___ Data below ___

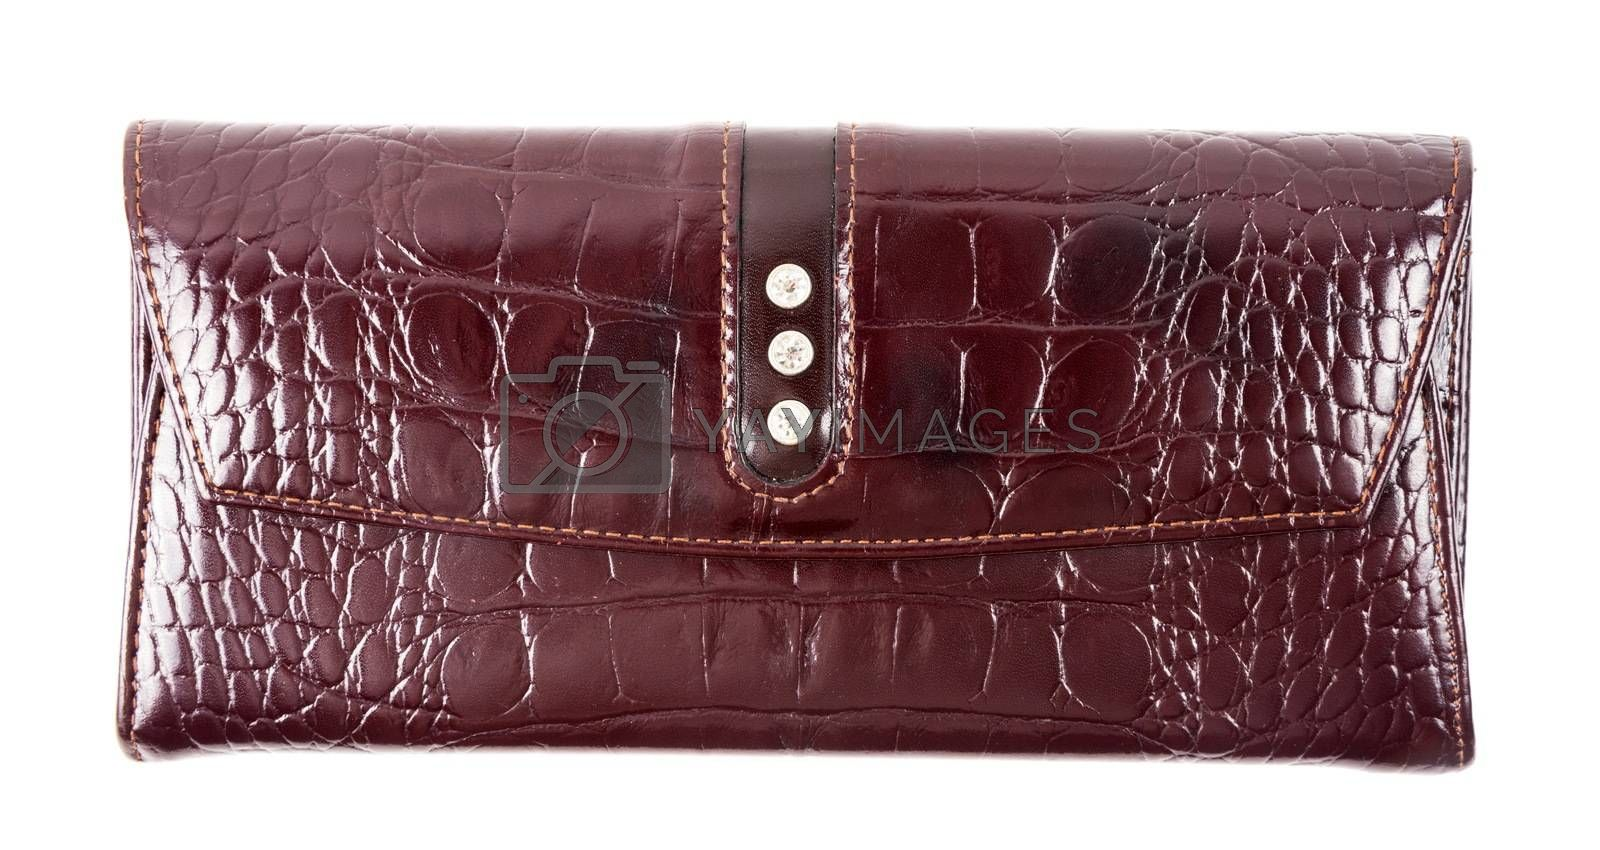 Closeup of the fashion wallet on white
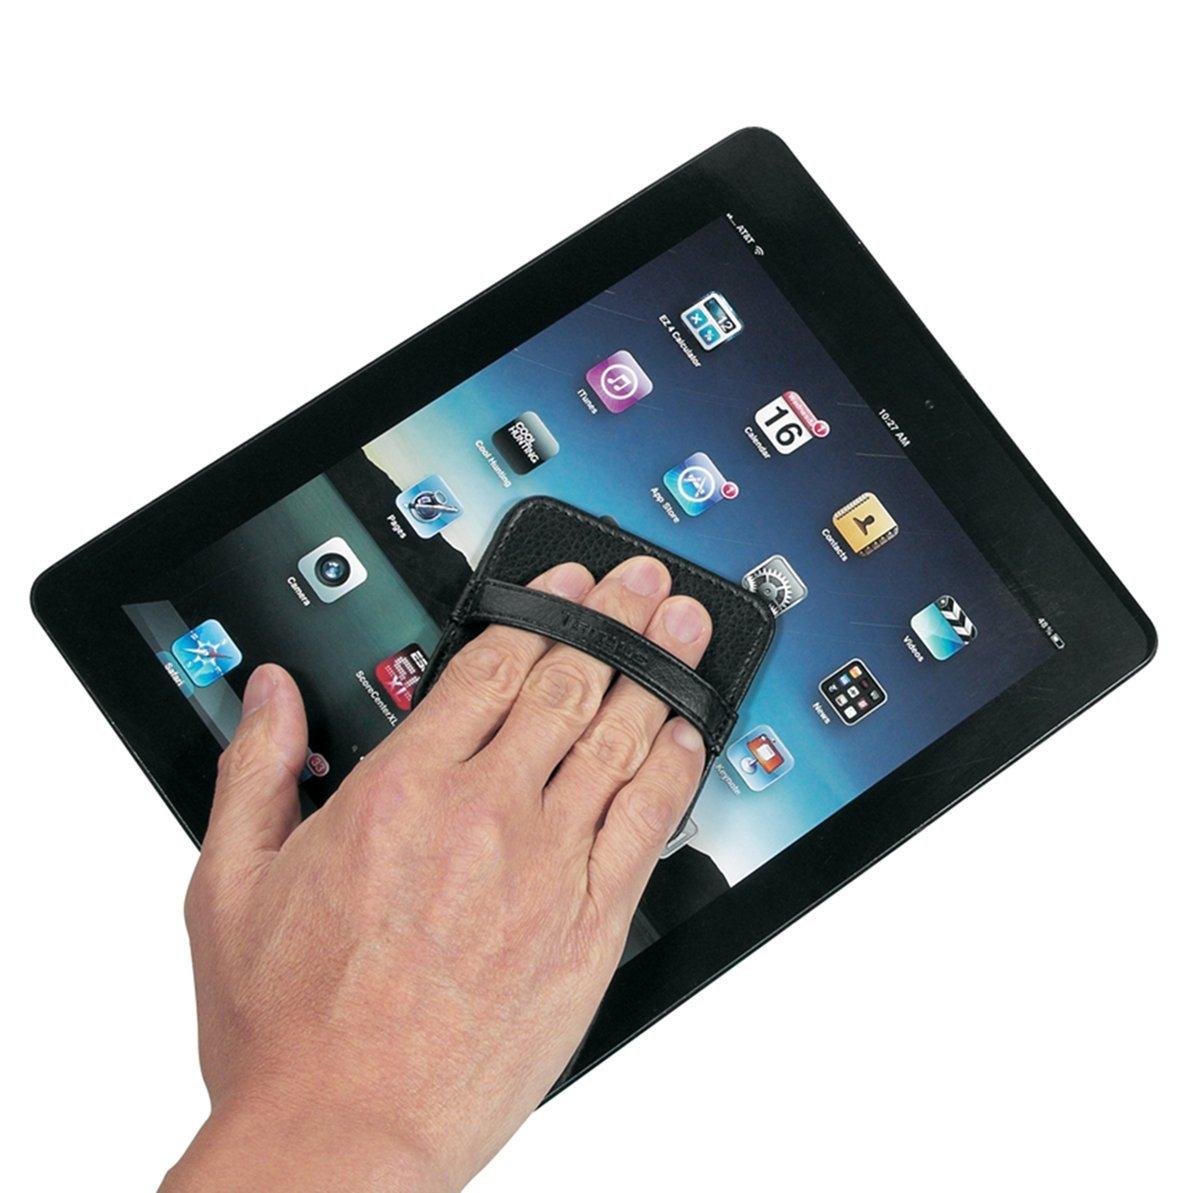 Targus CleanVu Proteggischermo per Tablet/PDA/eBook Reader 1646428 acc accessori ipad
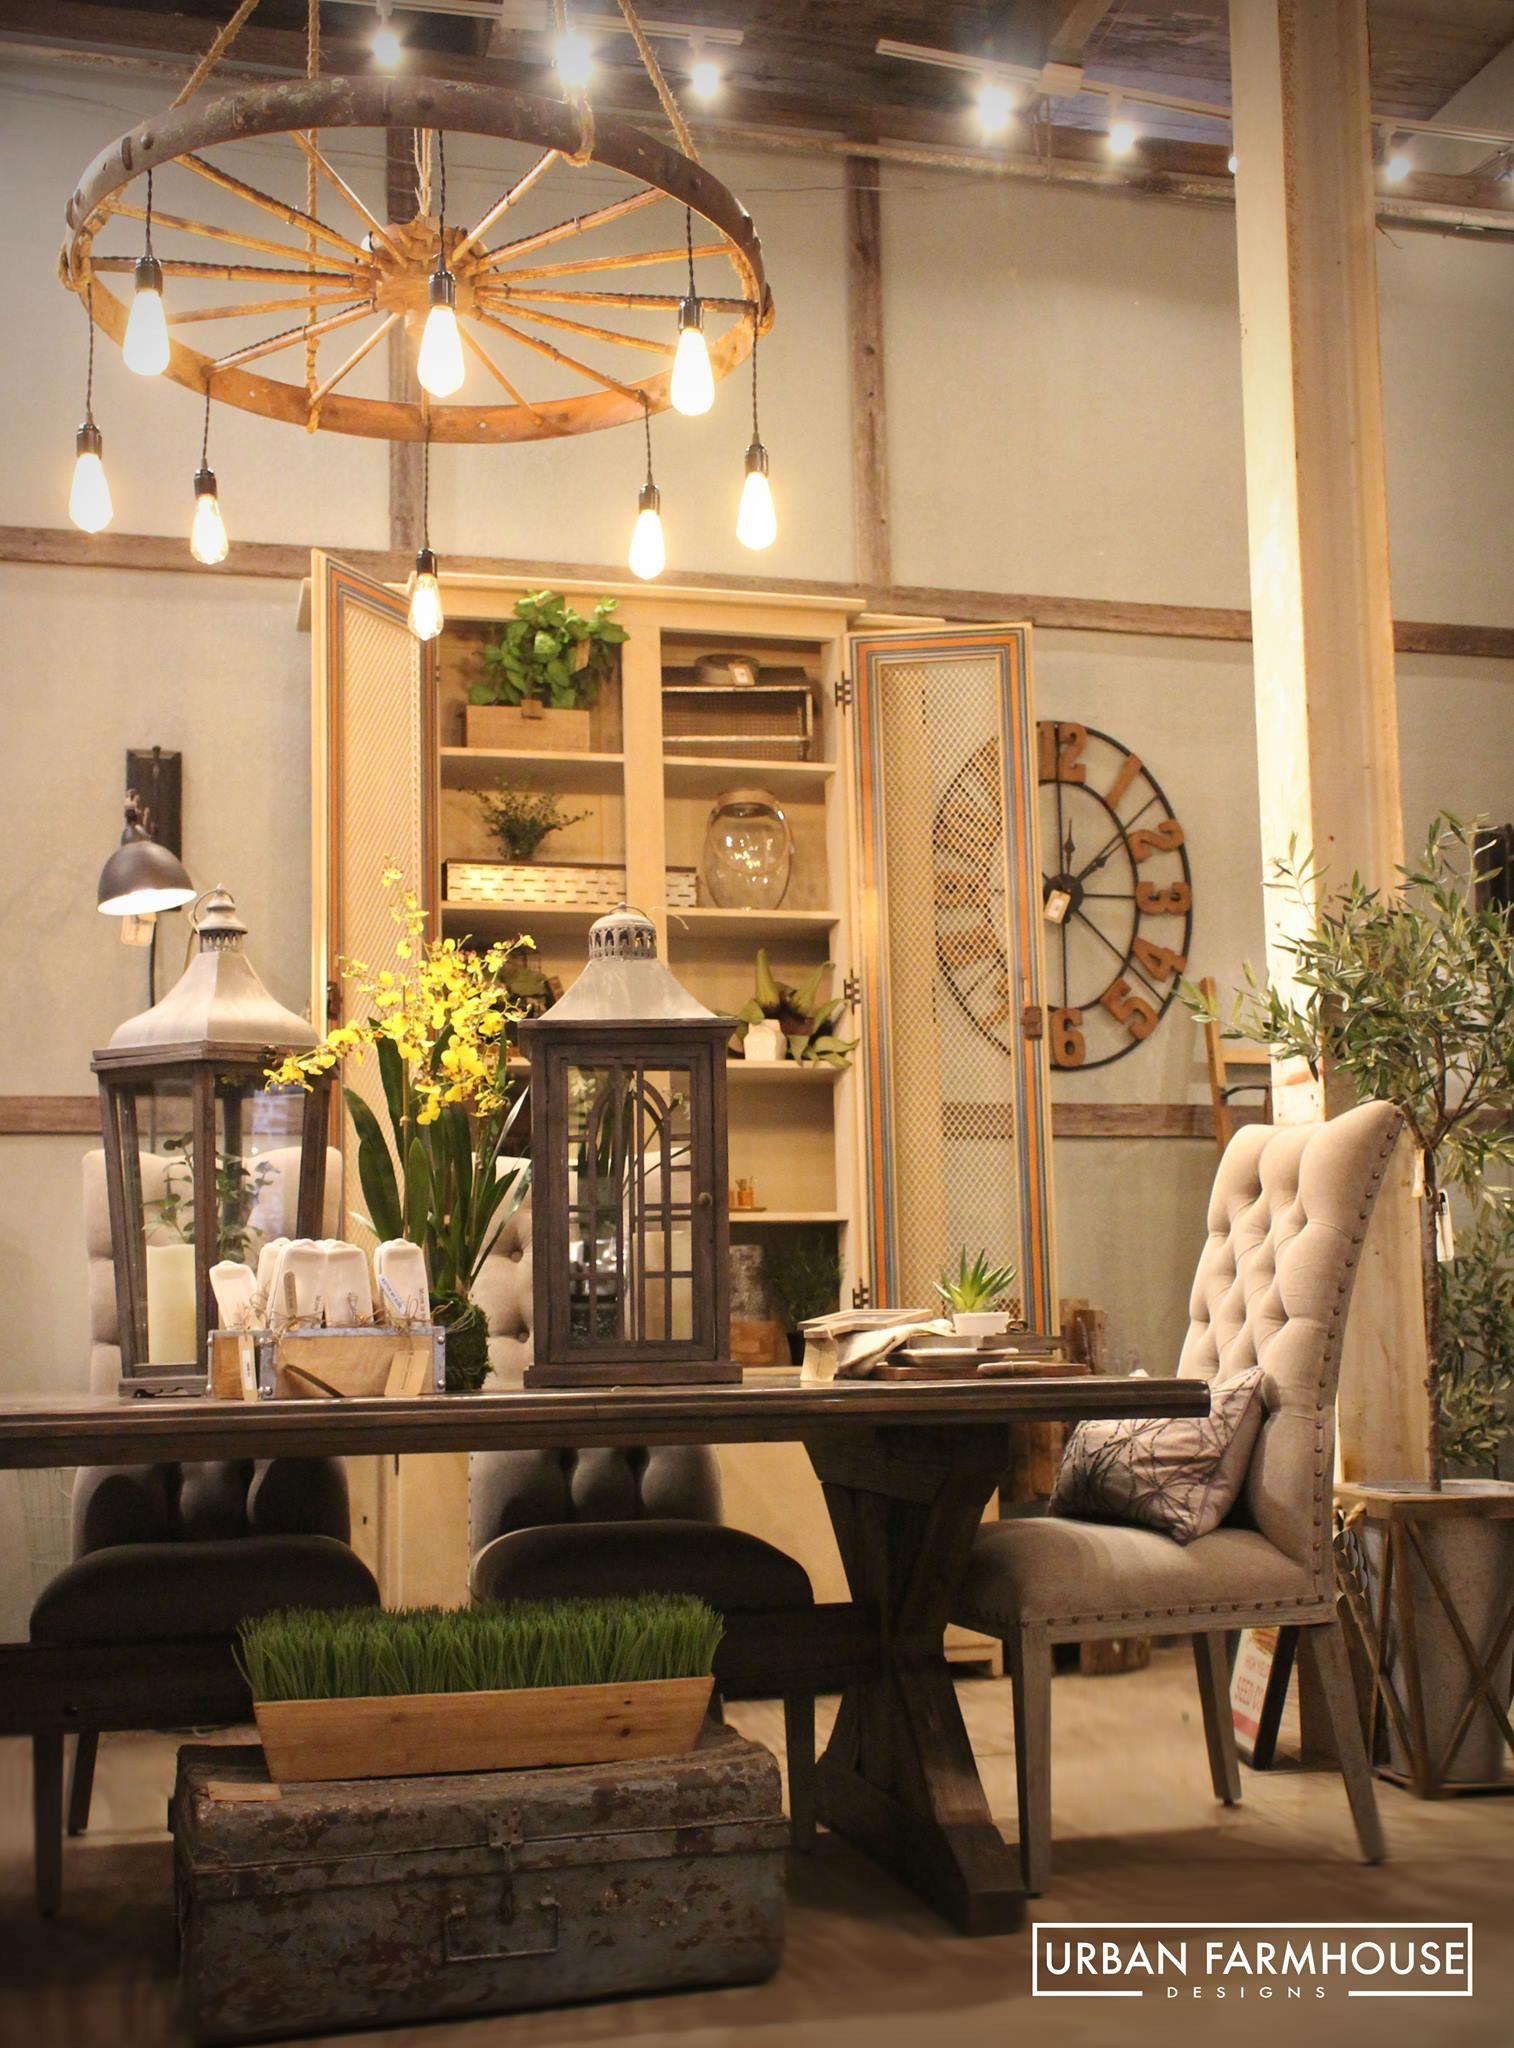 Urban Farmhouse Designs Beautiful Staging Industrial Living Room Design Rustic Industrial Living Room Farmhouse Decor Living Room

___

■ **Exercise directions**
Set down the full listing above with its wording unchanged. Leave out its images.

■ **Exercise response**
 Closeup of the fashion wallet on white
 Targus CleanVu Proteggischermo per Tablet/PDA/eBook Reader 1646428 acc accessori ipad
 Urban Farmhouse Designs Beautiful Staging Industrial Living Room Design Rustic Industrial Living Room Farmhouse Decor Living Room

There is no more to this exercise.